Exercise prompt - The task calls for the lines below from the line with "A dirty ashtray" to the line with "Prepare for Medicare", both ends included, copied exactly, without any pictures.

Data for processing -
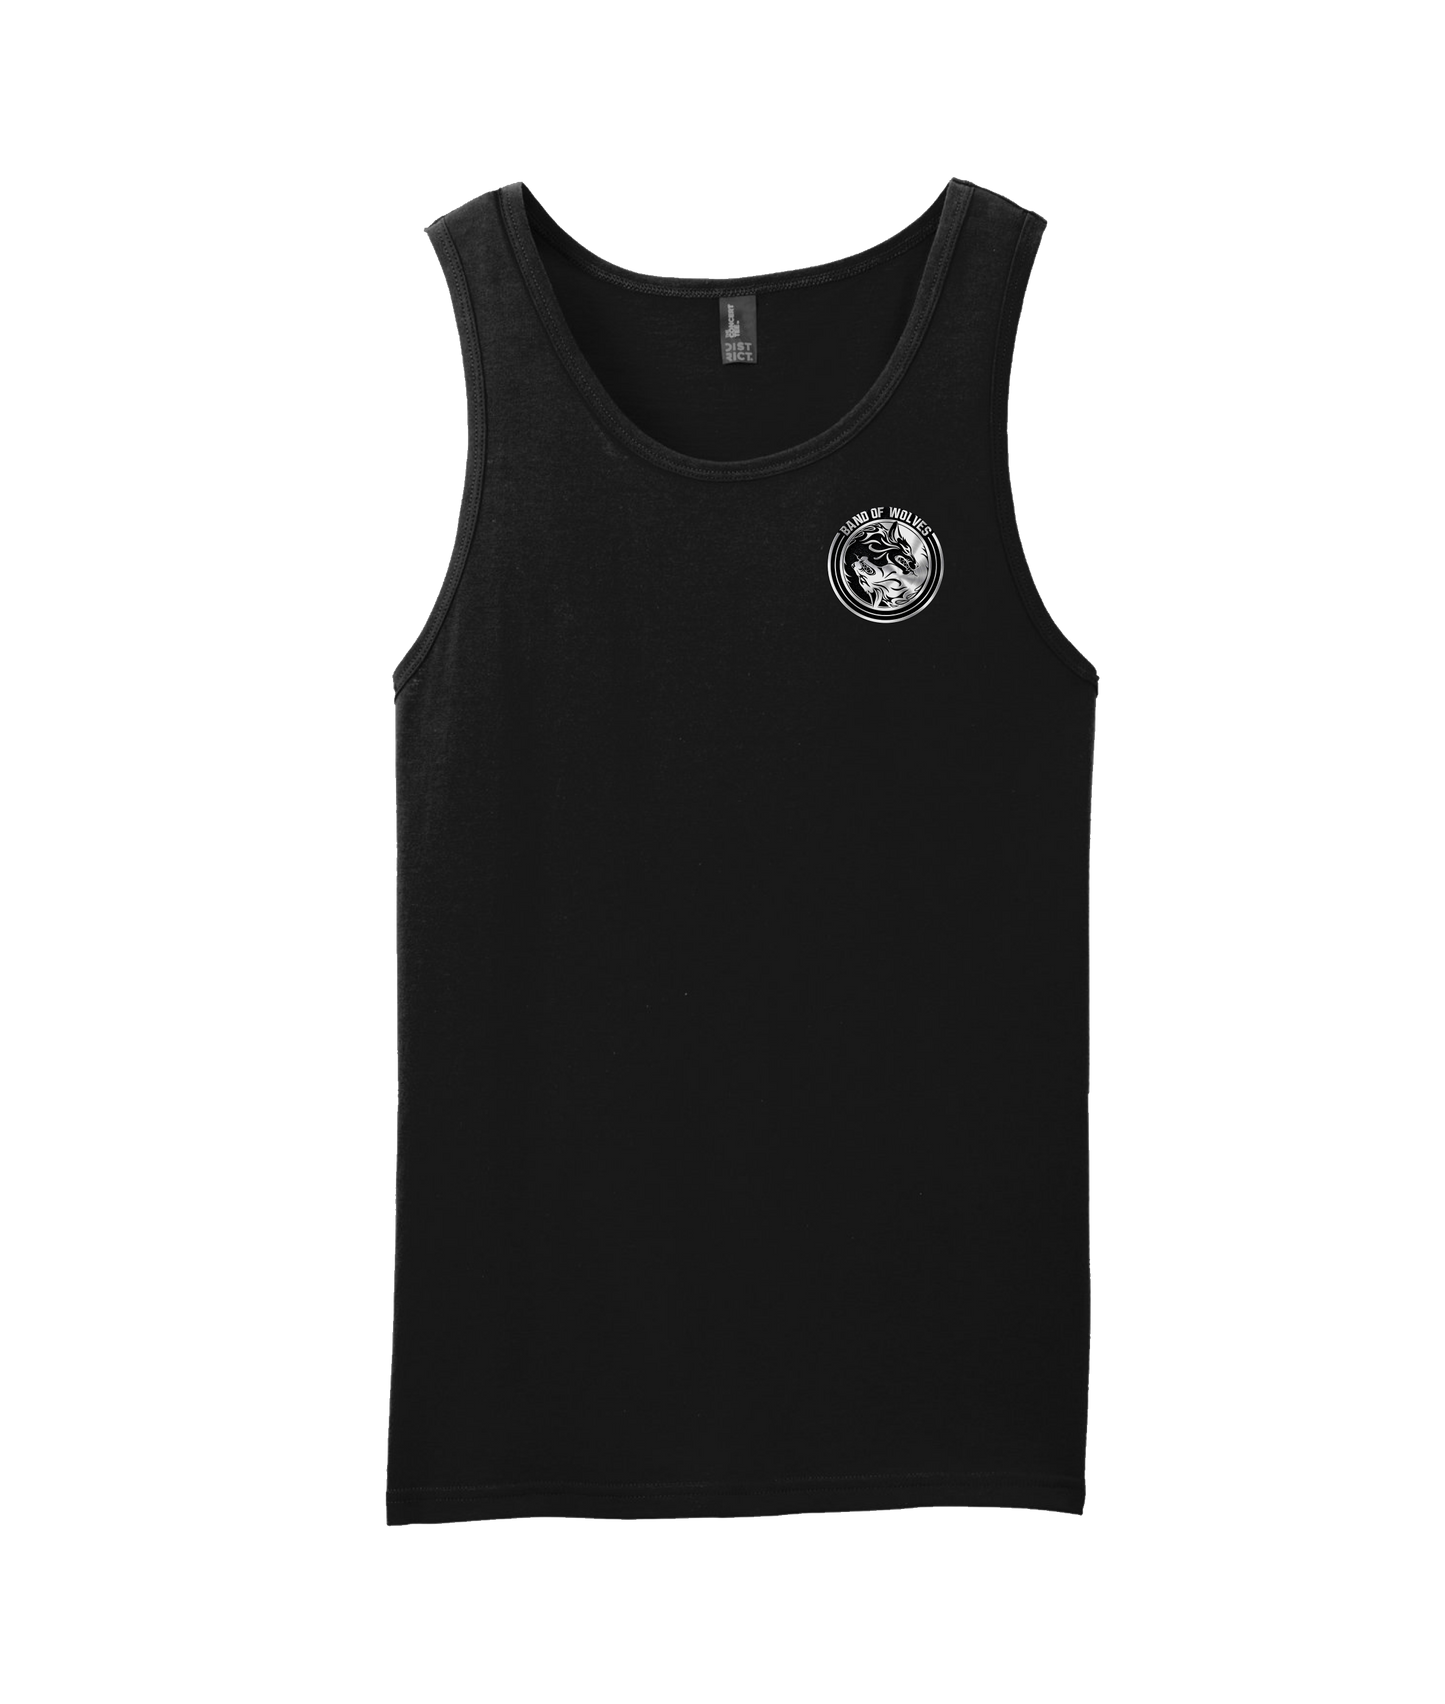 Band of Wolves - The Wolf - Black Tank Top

==

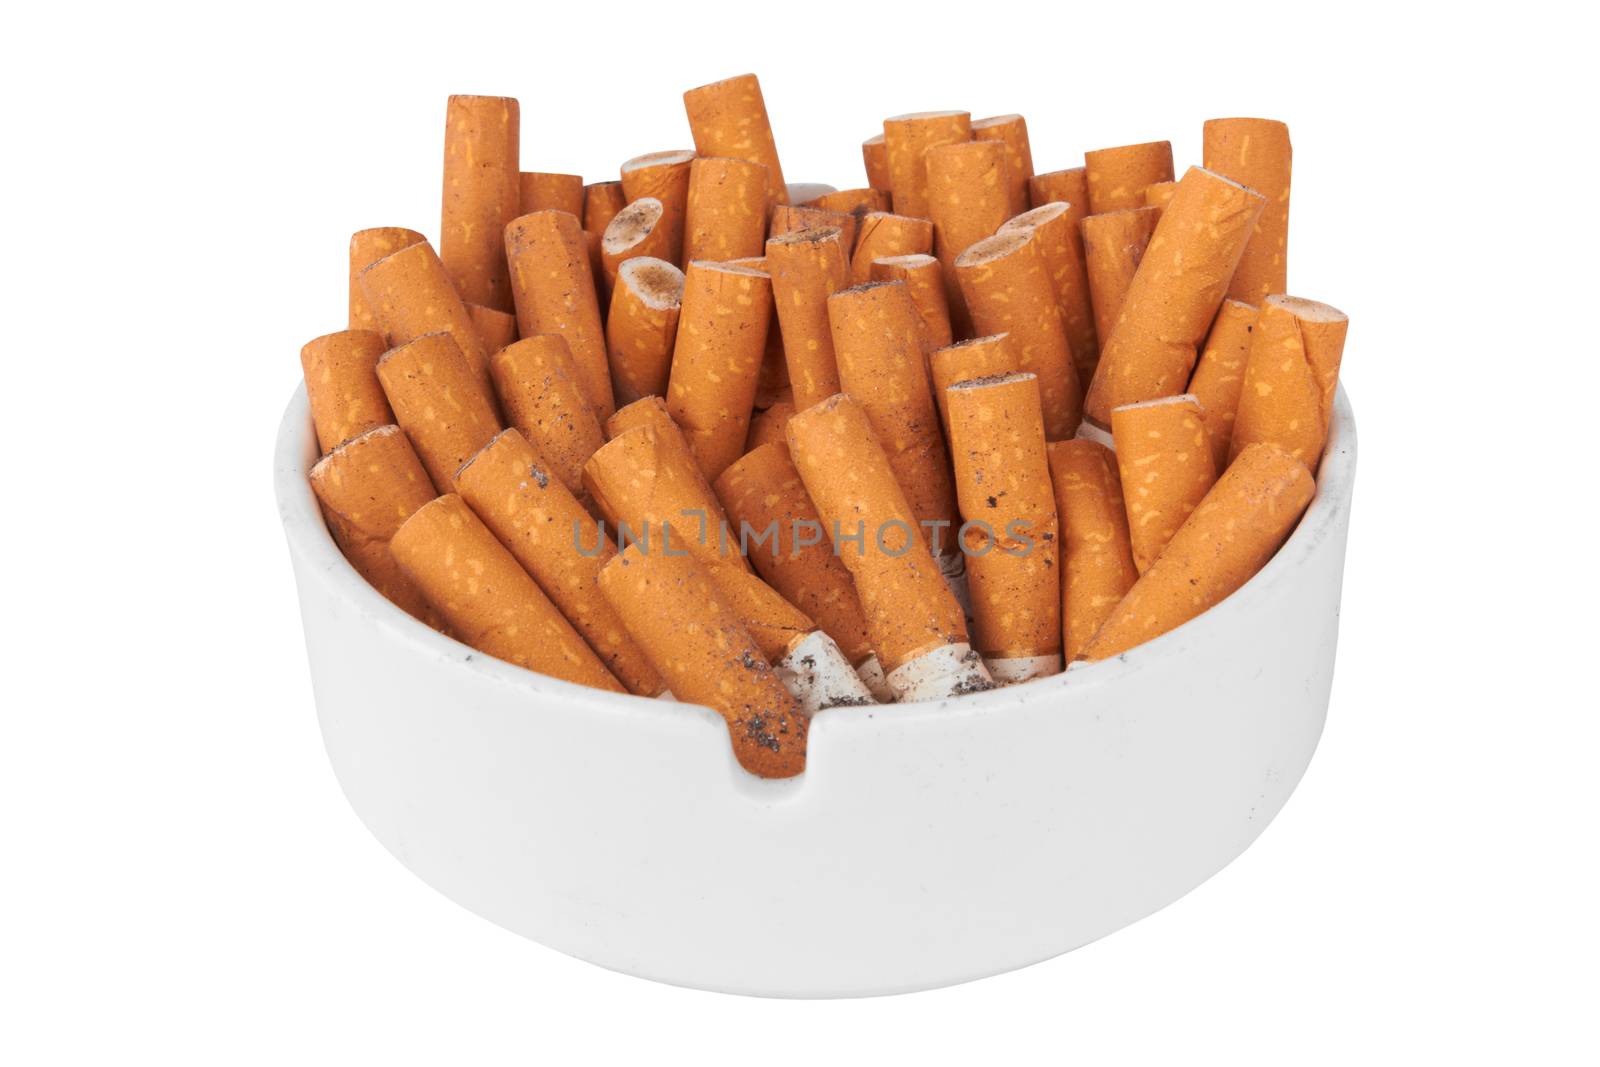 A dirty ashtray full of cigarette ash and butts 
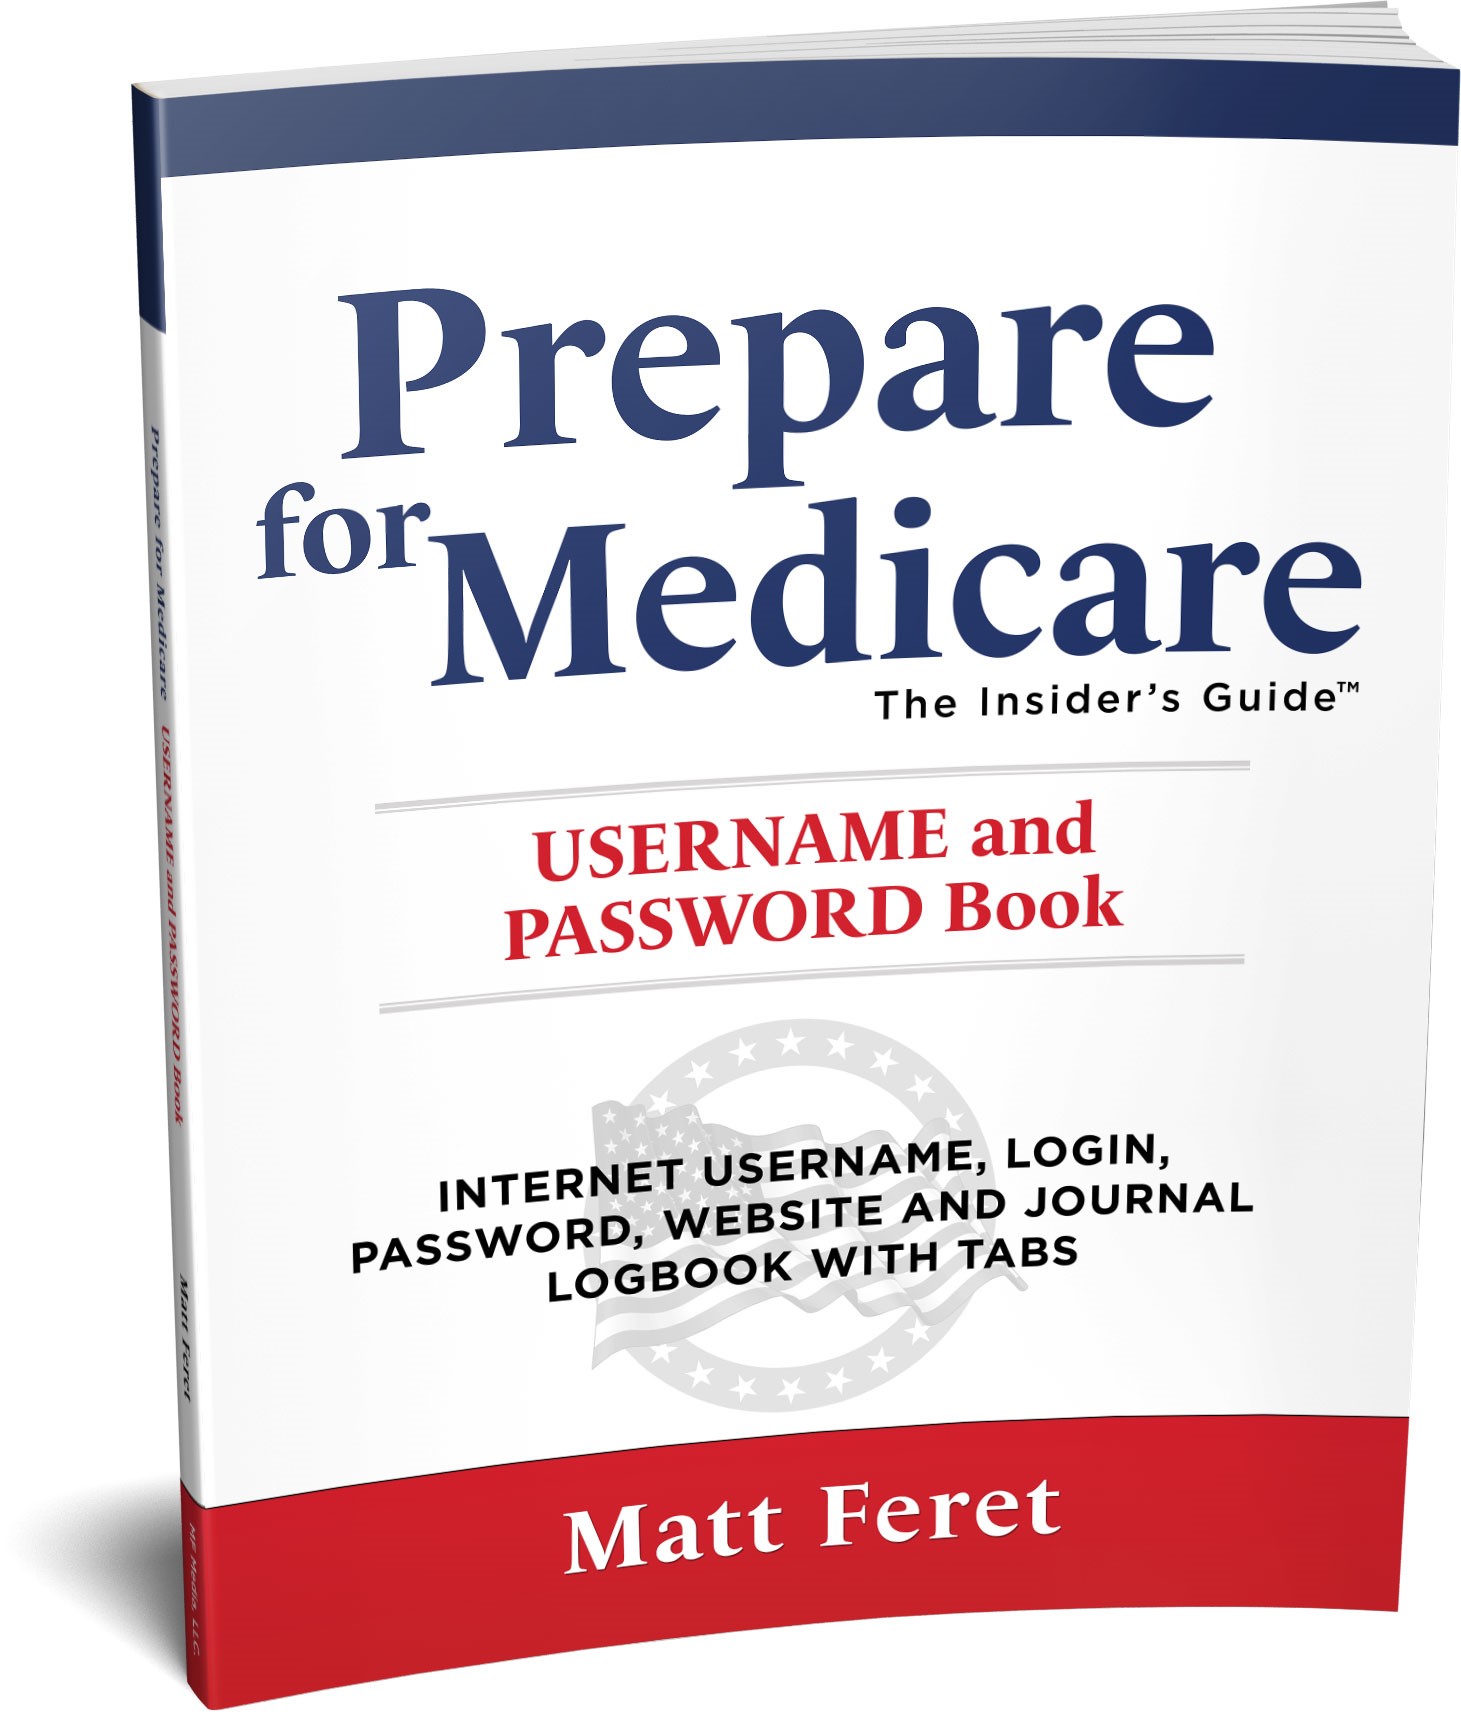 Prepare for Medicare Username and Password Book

Response to the exercise -
 A dirty ashtray full of cigarette ash and butts 
 Prepare for Medicare Username and Password Book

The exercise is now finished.